**STORED DATA:**
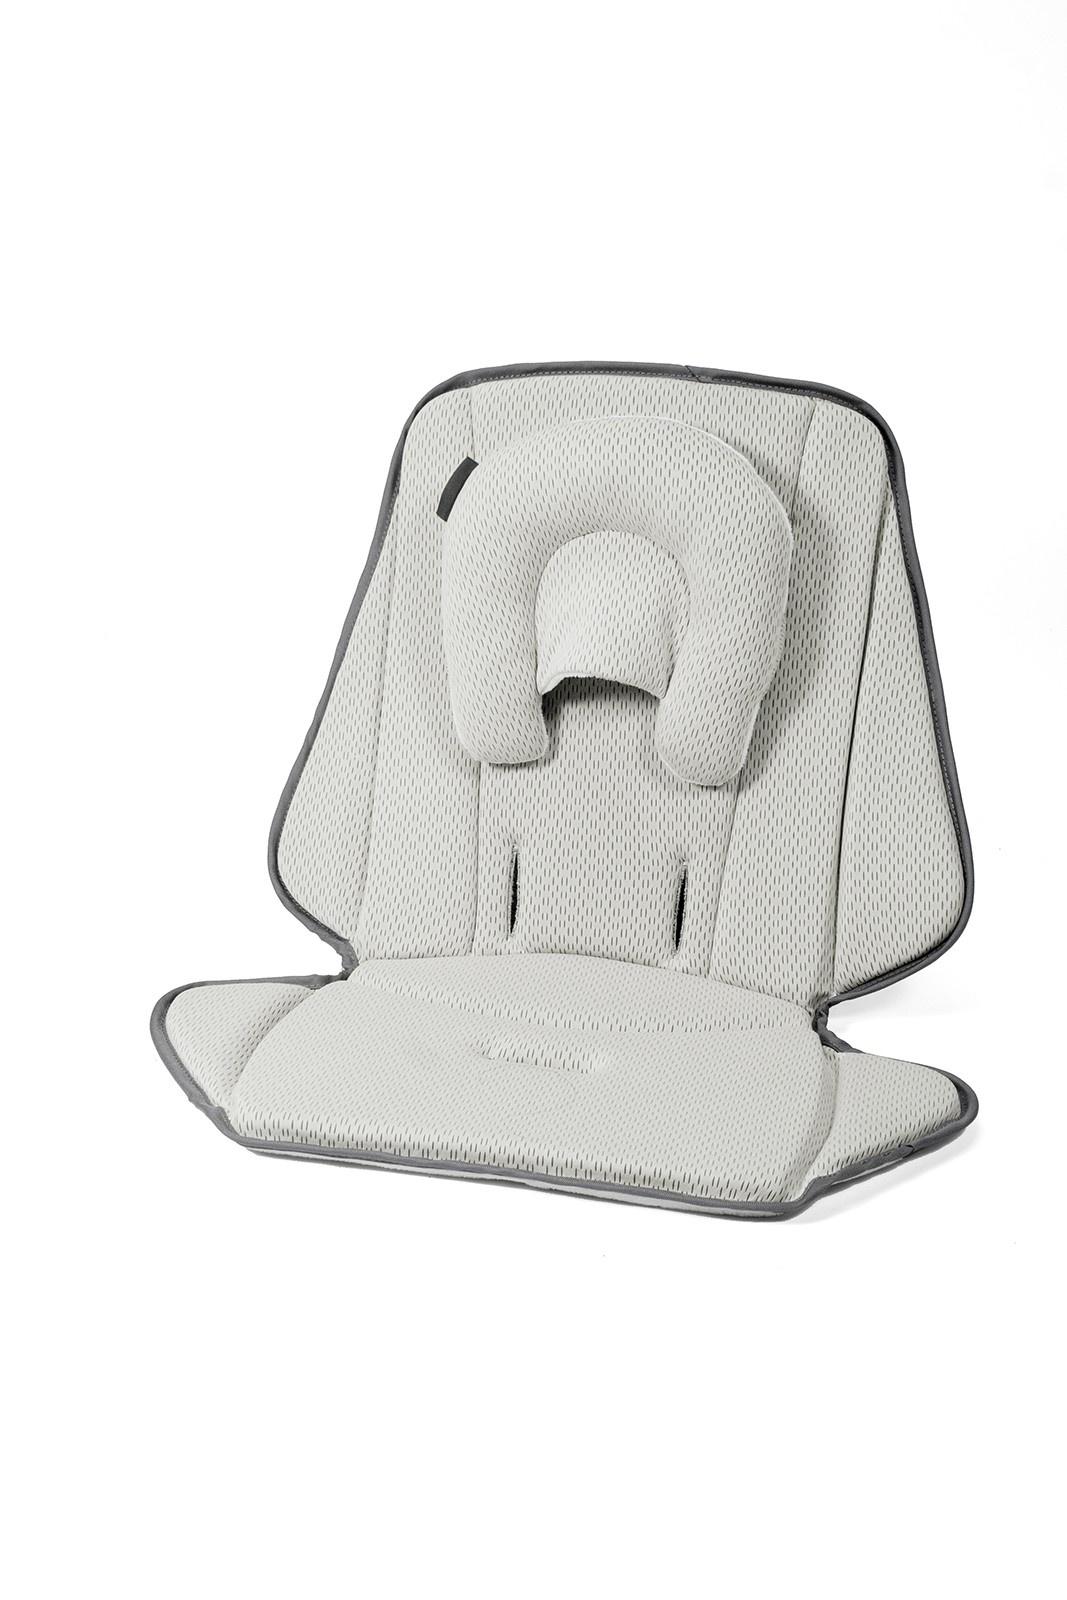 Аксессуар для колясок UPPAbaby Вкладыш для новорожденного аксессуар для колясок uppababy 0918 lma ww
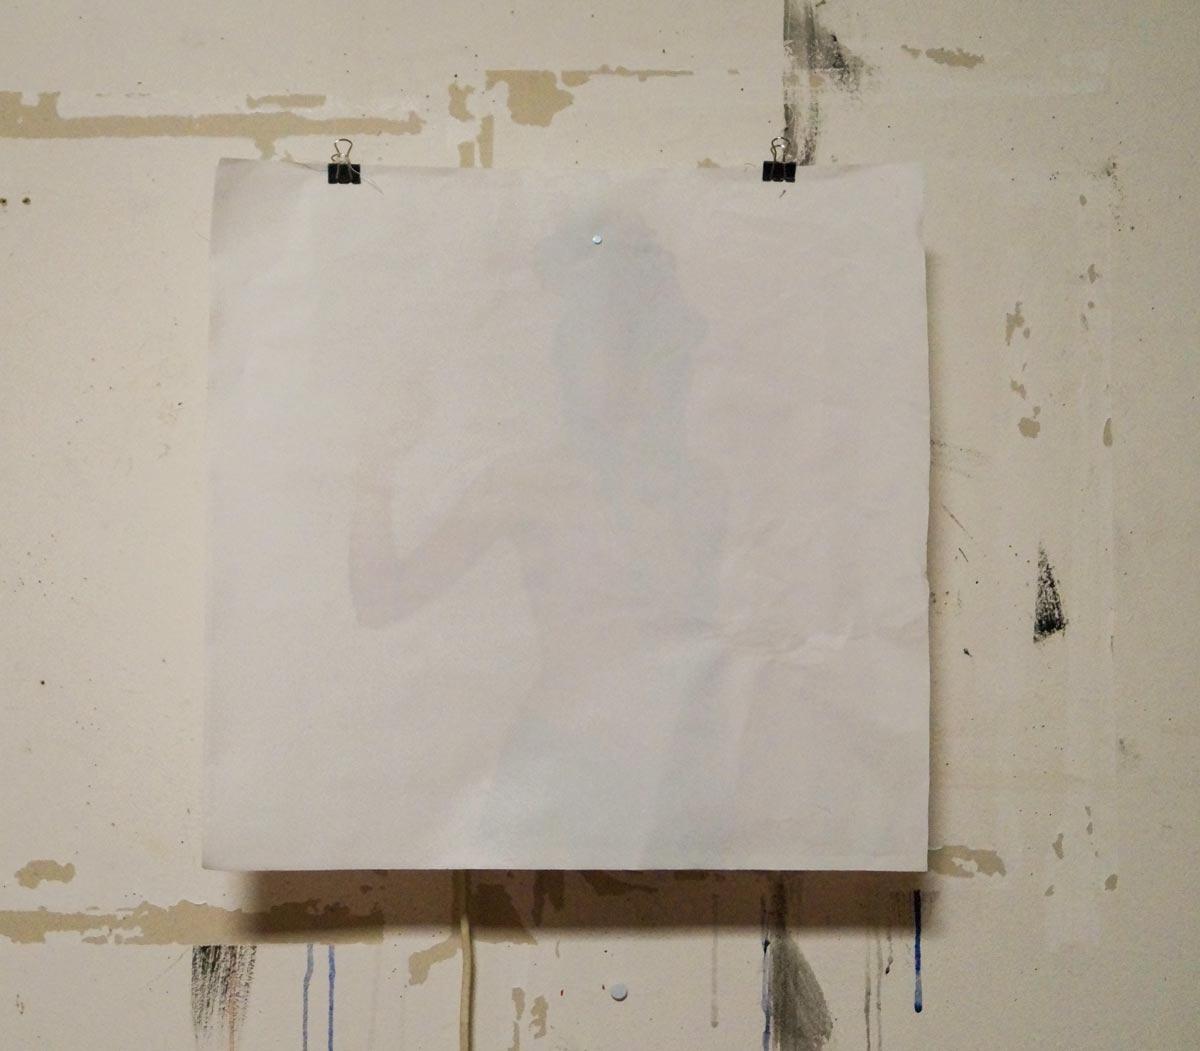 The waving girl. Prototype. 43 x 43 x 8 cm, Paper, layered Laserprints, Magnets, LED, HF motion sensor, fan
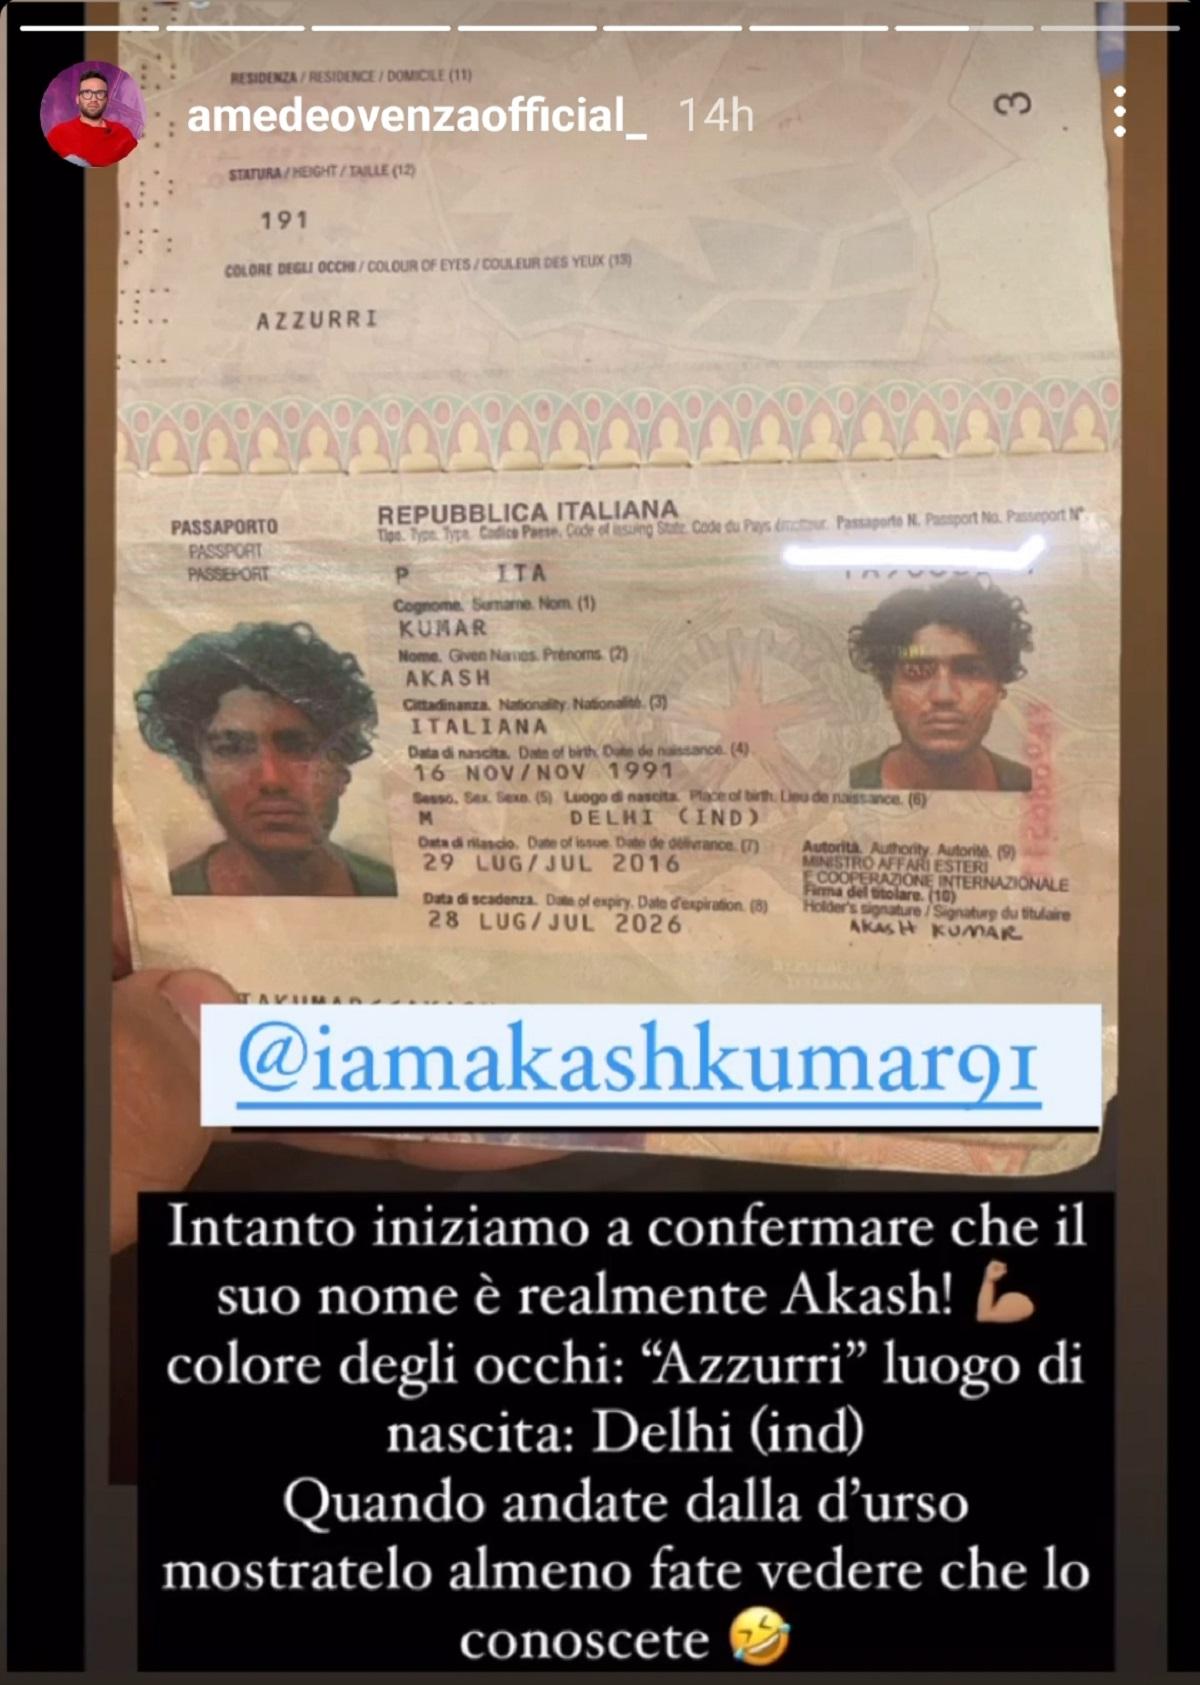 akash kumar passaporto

**TASK BRIEF:**
Drop the images and copy all the data exactly.

**ANSWER TO THE EXERCISE:**
 Аксессуар для колясок UPPAbaby Вкладыш для новорожденного аксессуар для колясок uppababy 0918 lma ww
 The waving girl. Prototype. 43 x 43 x 8 cm, Paper, layered Laserprints, Magnets, LED, HF motion sensor, fan
 akash kumar passaporto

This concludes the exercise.